■ **Your task**: Since the listing below shows pictures, leave them out and write out exactly the lines from the line with "Poltrona Decorativa Nina" to the line with "Orange / bleu / bandes blanches", both included, and no others.

■ **Exercise materials**:
━━━━━━━━━━

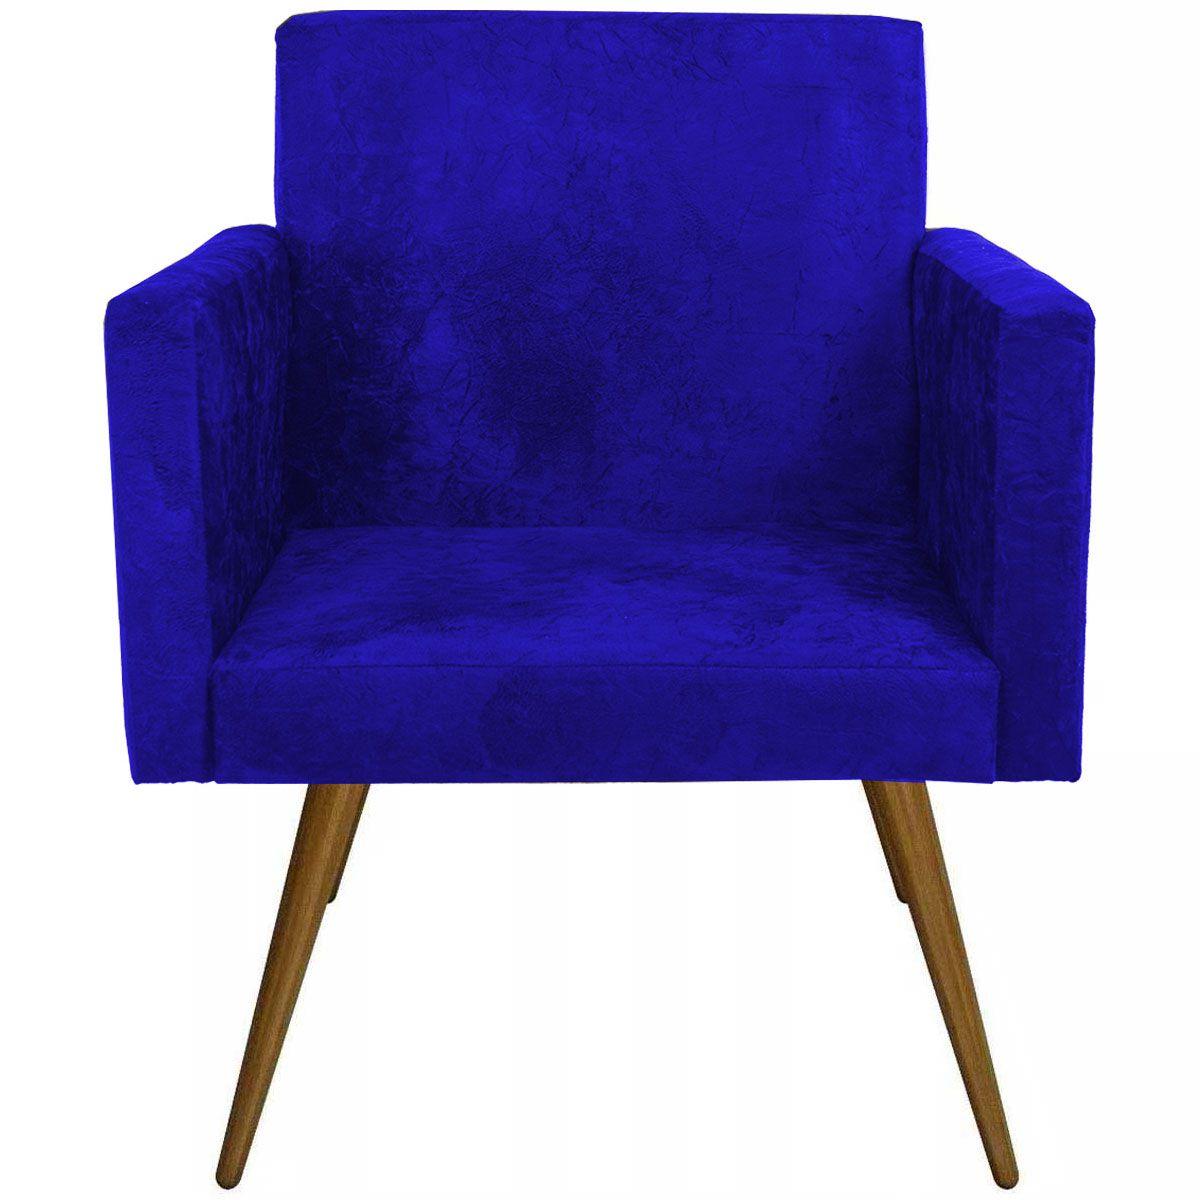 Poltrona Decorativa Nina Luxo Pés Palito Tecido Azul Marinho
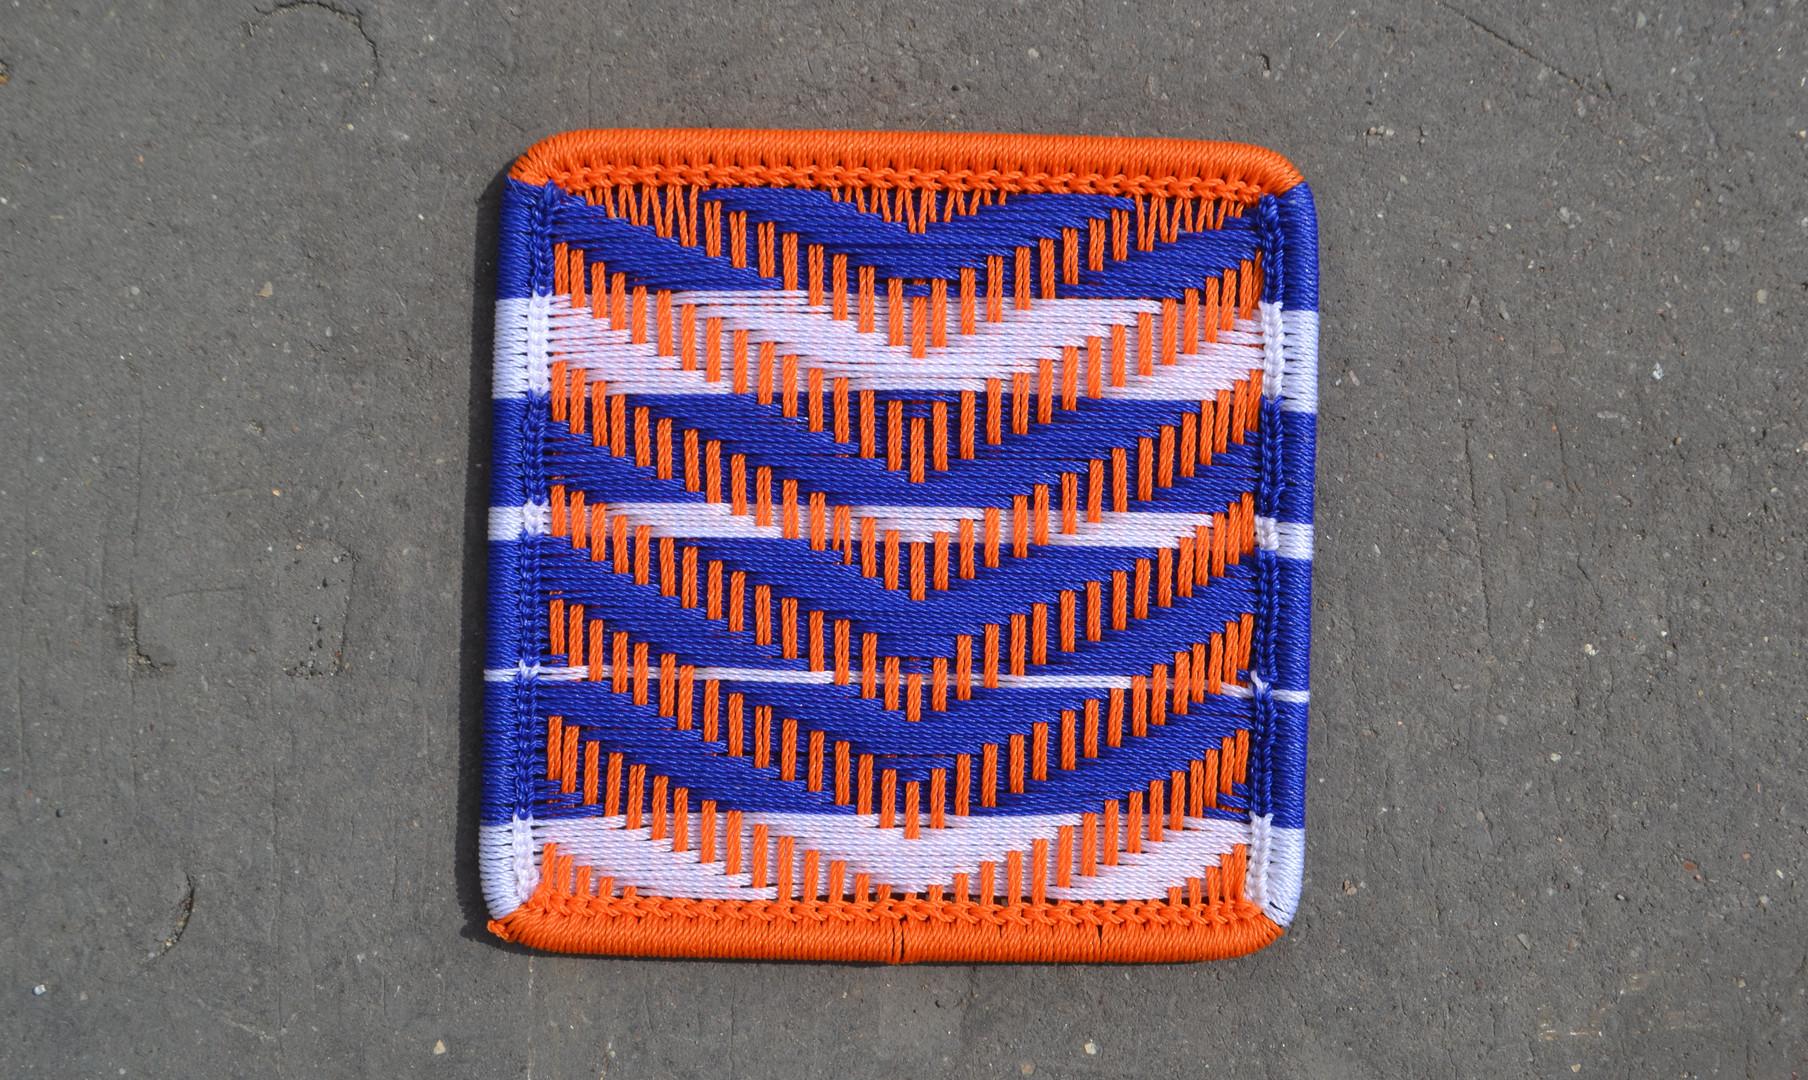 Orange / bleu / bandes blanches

━━━━━━━━━━

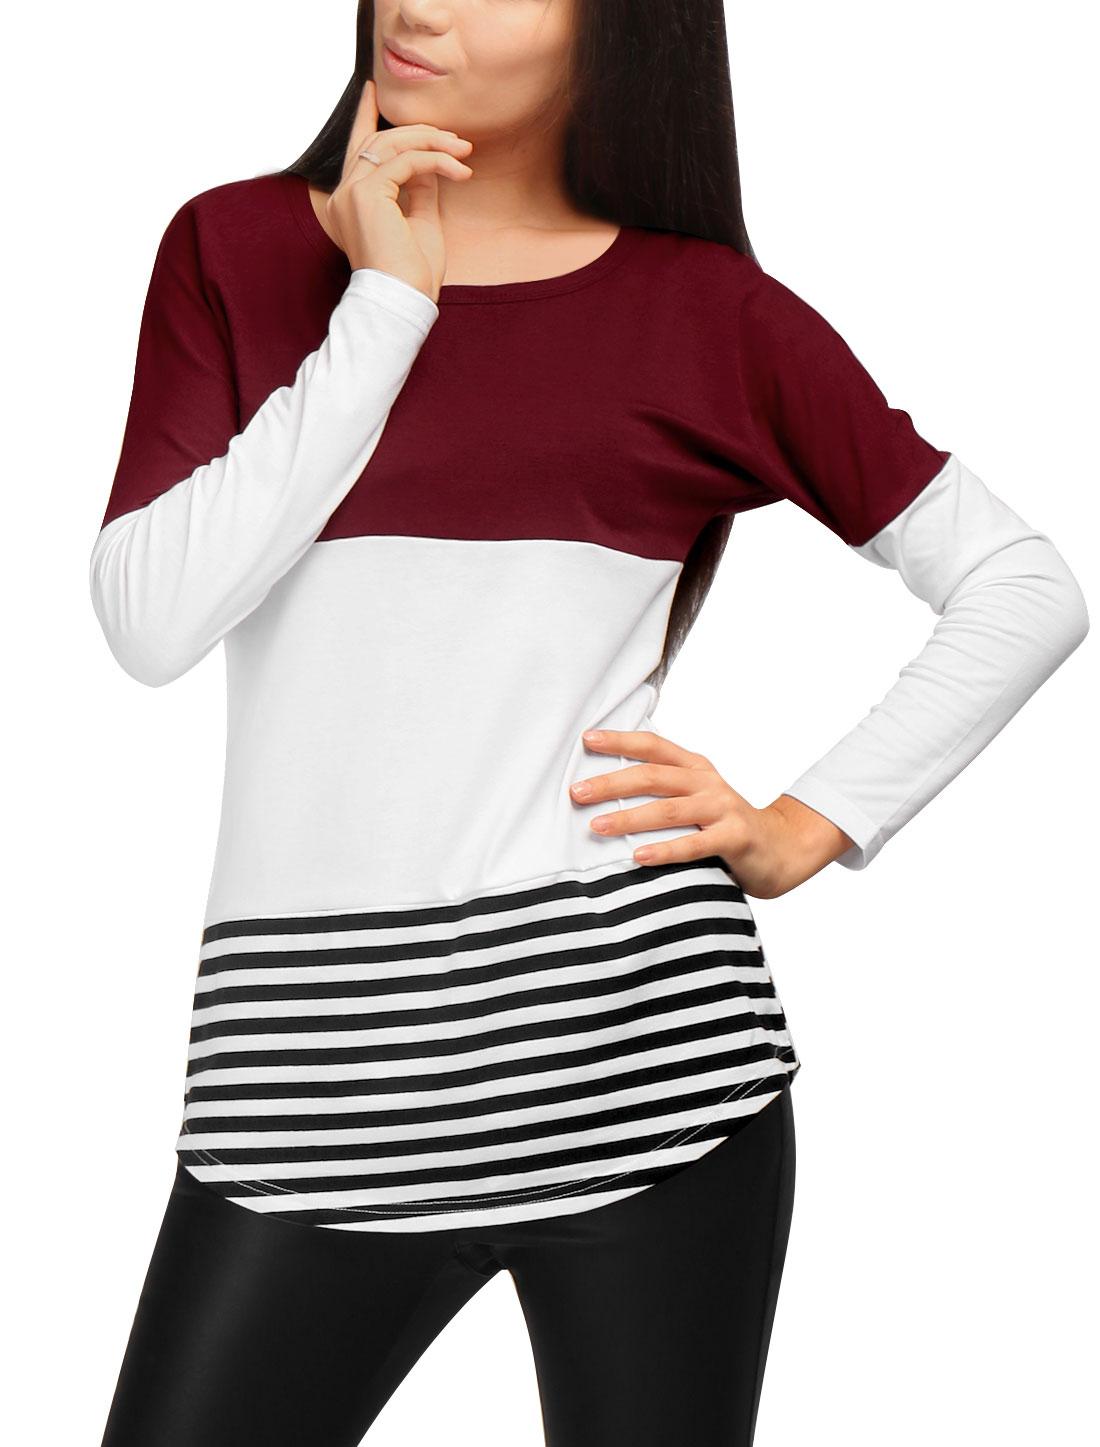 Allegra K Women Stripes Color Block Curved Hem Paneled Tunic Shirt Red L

━━━━━━━━━━

■ **Finished exercise**:
 Poltrona Decorativa Nina Luxo Pés Palito Tecido Azul Marinho
 Orange / bleu / bandes blanches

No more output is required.